I recently had a conversation with a parent who is heartbroken because her teenage daughter won’t practice.  She doesn’t have the discipline and her mom is tired of “escorting” her.  

As my conversation with the mother unraveled, I realized her heartbreak wasn’t ultimately about the lack of “piano practice,” nor was this heartbreak singular to her.  This was something much bigger; something much more painful; something afflicting an entire culture.  It took a few layers to get there, but I felt its heart when I noticed tears quietly running down my face.

The first under-layer of this heartbreak was about the power of technology - the hypnotic stimulus incessantly tapping, constantly vying, vibrating, swooshing, chiming.... for one’s attention.  “Come follow me!”… literally.  How much easier it is to spectate on other lives than to actively push our own selves forward – to get sweaty, find paint under our nails, pen on our face, keys under our fingers, books in our hands…even just to have a deep, interactive conversation face-to-face with another human being, and to really hear them.  I readily admit, as an adult with years of discipline behind her, I am guilty of this technology vacuum.  Certainly, there is good in the cyber world, much of it. It’s not a matter of content (not here), it’s the sheer volume of time spent in it.

However, there was more beyond this first layer.  Quietly lurking below the pain of a parent’s plight with technology was the hushed fear of privilege unrecognized…and even more devastatingly…privilege unappreciated. 

“It’s as though she’s spoiled, if you know my meaning.  Constantly complaining,” said the mom.  “She doesn’t appreciate opportunity.”  

Most of my students are incredibly privileged.  Many (including this particular student) live in a neighborhood consistently listed as one of the top 25 wealthiest neighborhoods in the country.  These kids have magnanimous opportunity, and this mom was confounded that her child didn’t appreciate it.  I was touched by her conviction.

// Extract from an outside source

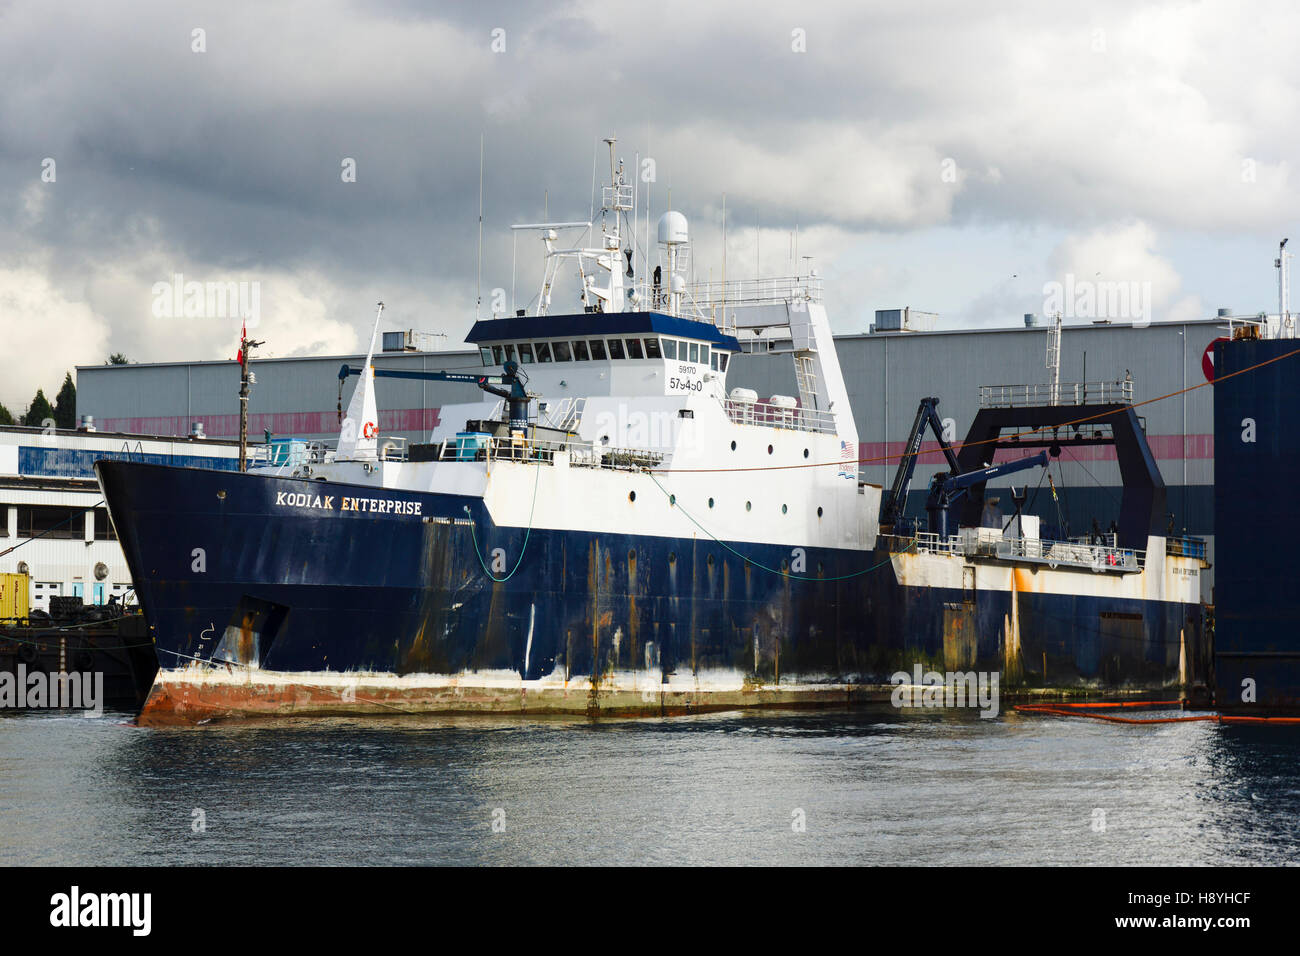 Fishing trawler 'Kodiak Enterprise' at Seaspan shipyards in North Vancouver, BC, Canada. Stock Photo
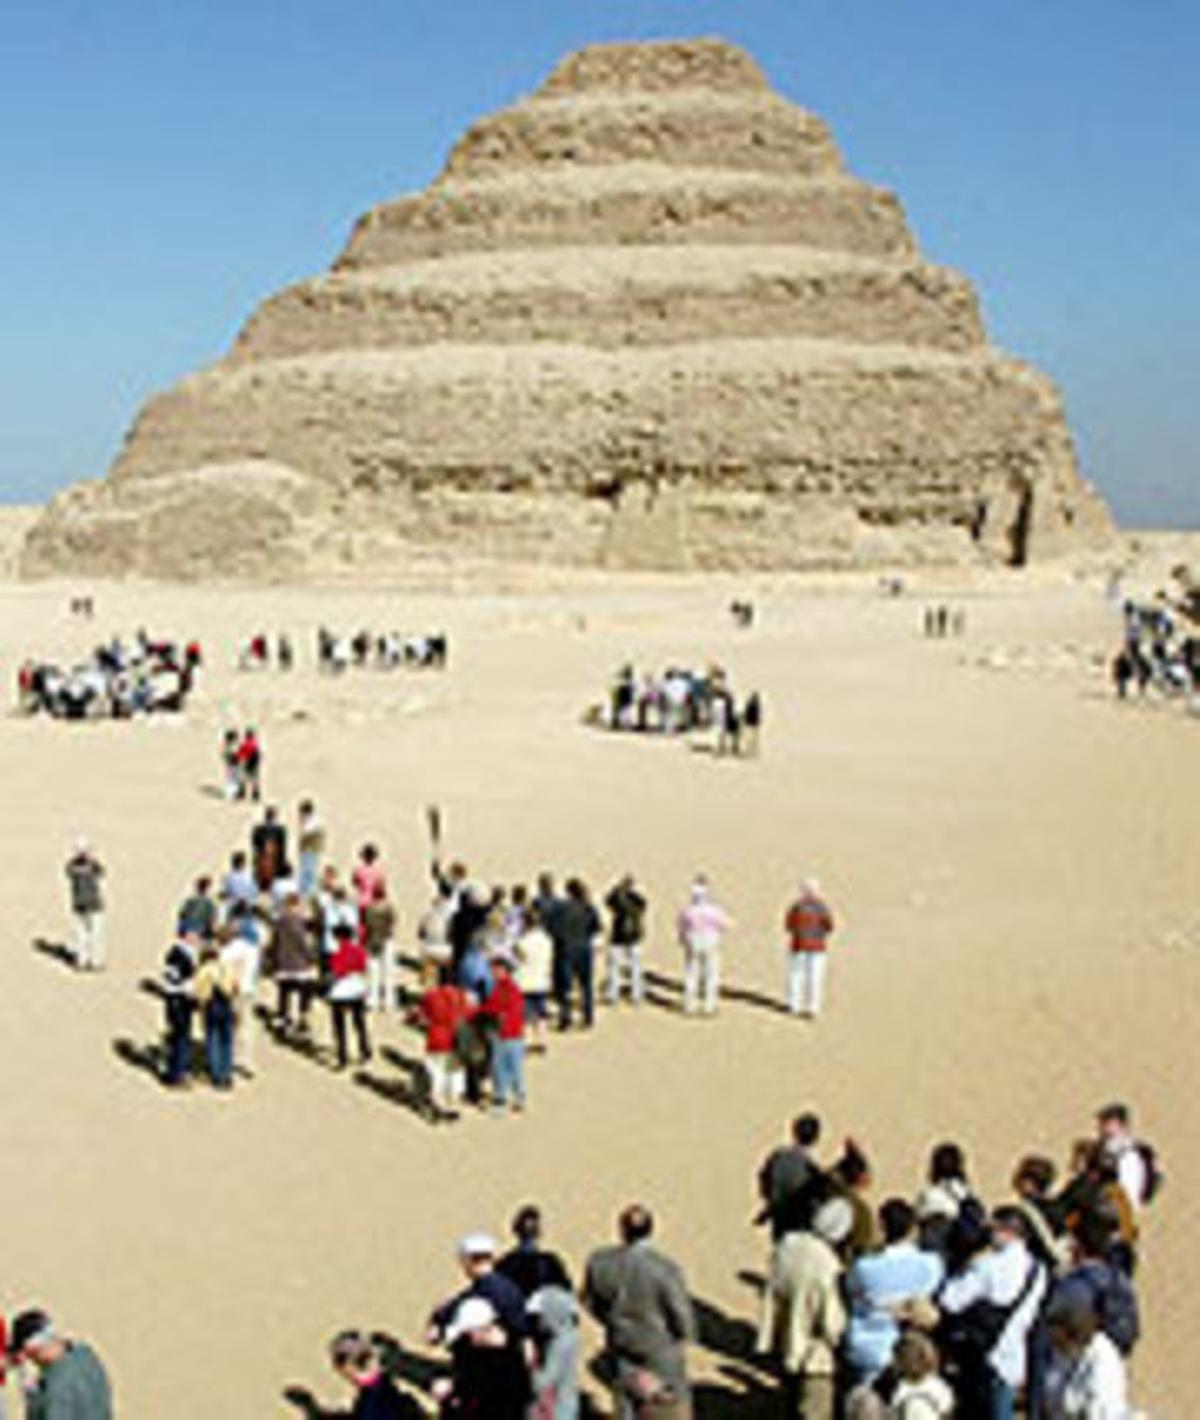 Un grup de turistes visiten la piràmide de Sakkara.

I know first hand that kids don’t have the kind of life perspective necessary to understand their privilege or their opportunity.  They just understand the life they are living as - life.  I also know that young teenagers are famous for a lack of discipline, for selfish perspectives, and for constant complaining.  That’s a regular part of the human passage.  What is more, privilege is relative.  There is always someone less privileged.  So, it’s left to parent to teach their child the difference between privilege and spoilage.  I know this was hard enough on our parents without the kind of technology we have now.  I can’t imagine what it is like in the midst of this new massive temptation at every fingertip… and there’s no playbook.  (Dear grandparents, find compassion.) 

I could tell from this mother’s comments that she feels like she is failing.  I could tell that she feels like the mountain is too big and she is getting nowhere.  But, what I see is a young teen who is blessed with a beautiful parent – a parent who is willing and able to provide any and every opportunity for her child to grow and learn; and a parent willing to put in the heartbreaking discipline and commitment to keep her child aware of, and grateful for, her own privilege, even if it means taking it away. 

Much opportunity may produce a beautifully accomplished human being; but appreciated opportunity produces an accomplished beautiful human being.  How precious is the latter.  I’m honored to know a parent who is committed to raising one…who may or may not play the piano…     

I teach piano. It’s one of the things I do.  It’s one of the things I am able to do as a result of my privileged childhood and education.  I’m unequivocally grateful.